Pandas is reading uncompressed data from RAM, which is fast (but does not scale to larger-than-memory datasets and with enough histograms to fill and enough data RDF will be faster, especially if you turn on EnableImplicitMT).

The non-cached RDF is decompressing and reading data from disk, which is slow. It also needs to just-in-time compile some C++ code starting from string expressions such as px + py, which takes some more time. Usage of RDF from Python currently also incurs in a large performance penalty due to missing optimizations opportunities in the just-in-time compilation, which we plan to address in the next ROOT release (with expected speed-ups for user applications of 1.5x to 2x, see the “No opt vs opt” benchmarks here).

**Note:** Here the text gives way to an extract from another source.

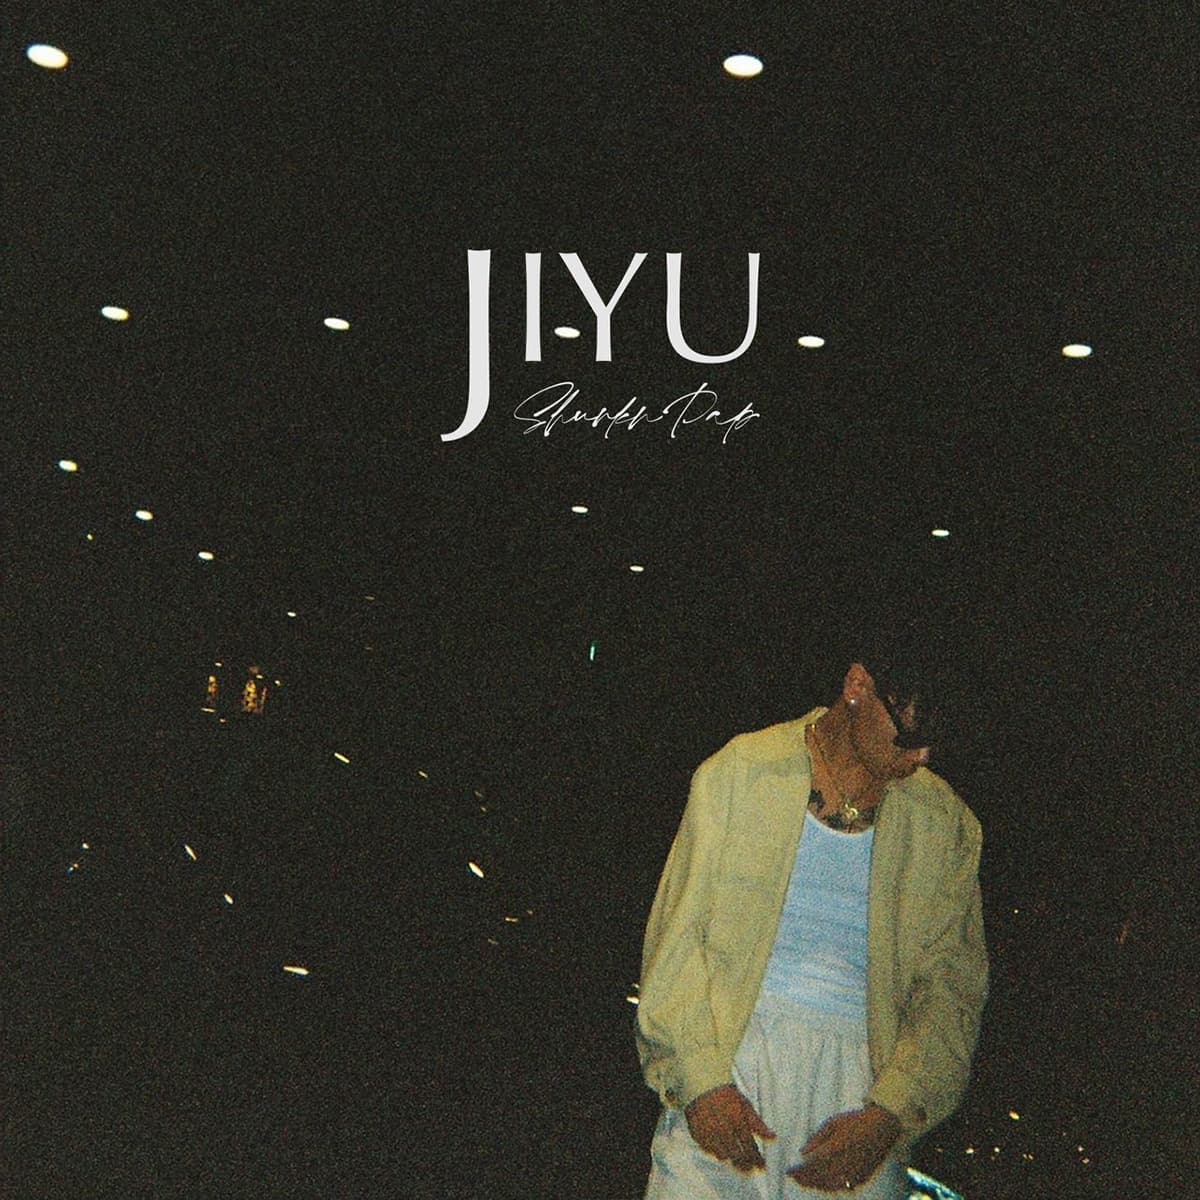 Shurkn Pap will release his new album "JIYU" on September 29th, which is packed with collaborative songs with various Asian artists such as Ryohu and tlinh (Vietnam)!

The cached RDF case is more interesting. I would expect it to be slower than pandas but faster than the non-cached version, I will take a look as soon as possible.

Cheers,
Enrico

P.S.
With that said, if you need to perform simple calculations on tabular data that fits in RAM, it’s definitely a good option to load it as numpy arrays with RDF (that lets you select the events you want and/or define extra columns if need be) and then use pandas or similar.
If you need to process larger-than-memory datasets and perform non-trivial processing + filling of many histograms, RDF + multi-threading is probably a good choice (besides the HEP-oriented features already available, it will also soon be faster and we are adding a built-in syntax to express systematic variations)

eguiraud · November 1, 2021, 4:44pm

Hi again,
I activated RDF verbose logging by adding the following line at the beginning of the program:

verbosity = ROOT.Experimental.RLogScopedVerbosity(ROOT.Detail.RDF.RDFLogChannel(), ROOT.Experimental.ELogLevel.kInfo)

then I reduced the number of iterations to 1 to check the logs for each event loop.

Since the dataset contains only 25k entries, the actual event loop time is as little as 0.006s. The runtime of the RDF benchmarks is dominated by the time spent jitting (0.1 seconds).

Running on 100 million events with the following C++ program, I see the cached RDF takes 0.22s while the non-cached RDF takes 1.17s:

#include <ROOT/RDataFrame.hxx>
#include <ROOT/RLogger.hxx>

int main() {
  auto verbosity = ROOT::Experimental::RLogScopedVerbosity(
      ROOT::Detail::RDF::RDFLogChannel(), ROOT::Experimental::ELogLevel::kInfo);

  auto df = ROOT::RDataFrame("ntuple", "temp.root");
  auto df2 = df.Define("px_plus_py", [](double px, double py) { return px + py; },
                       {"px", "py"});

  auto df_cached = df2.Cache<double, double, double>({"px", "py", "random"});

  std::cout << "Caching...\n";
  df_cached.Sum<double>("px").GetValue();
  std::cout << "Done\n\n";

  std::cout << "Cached run...\n";
  df_cached.Filter([](double px) { return px > 0.1; }, {"px"})
      .Sum<double>("random")
      .GetValue();
  std::cout << "Done\n\n";

  std::cout << "Non-cached run...\n";
  df.Filter([](double px) { return px > 0.1; }, {"px"}).Sum<double>("random").GetValue();
  std::cout << "Done\n\n";
}

used as:

g++ -g -O2 -Wall -Wextra -Wpedantic -o "repro" "repro.cpp" $(root-config --cflags --libs) && ./repro

So for beefier workloads caching does make a difference. Notably, using -O0 (no optimizations) instead of -O2 reduces the gap by a lot – and currently -O0 is what you get when running things from Python, which also contributes to explain what you see (we will add optimizations to Python usage of RDataFrame very soon).

I hope this clarifies things a bit!
Cheers,
Enrico

system · November 15, 2021, 4:44pm

This topic was automatically closed 14 days after the last reply. New replies are no longer allowed.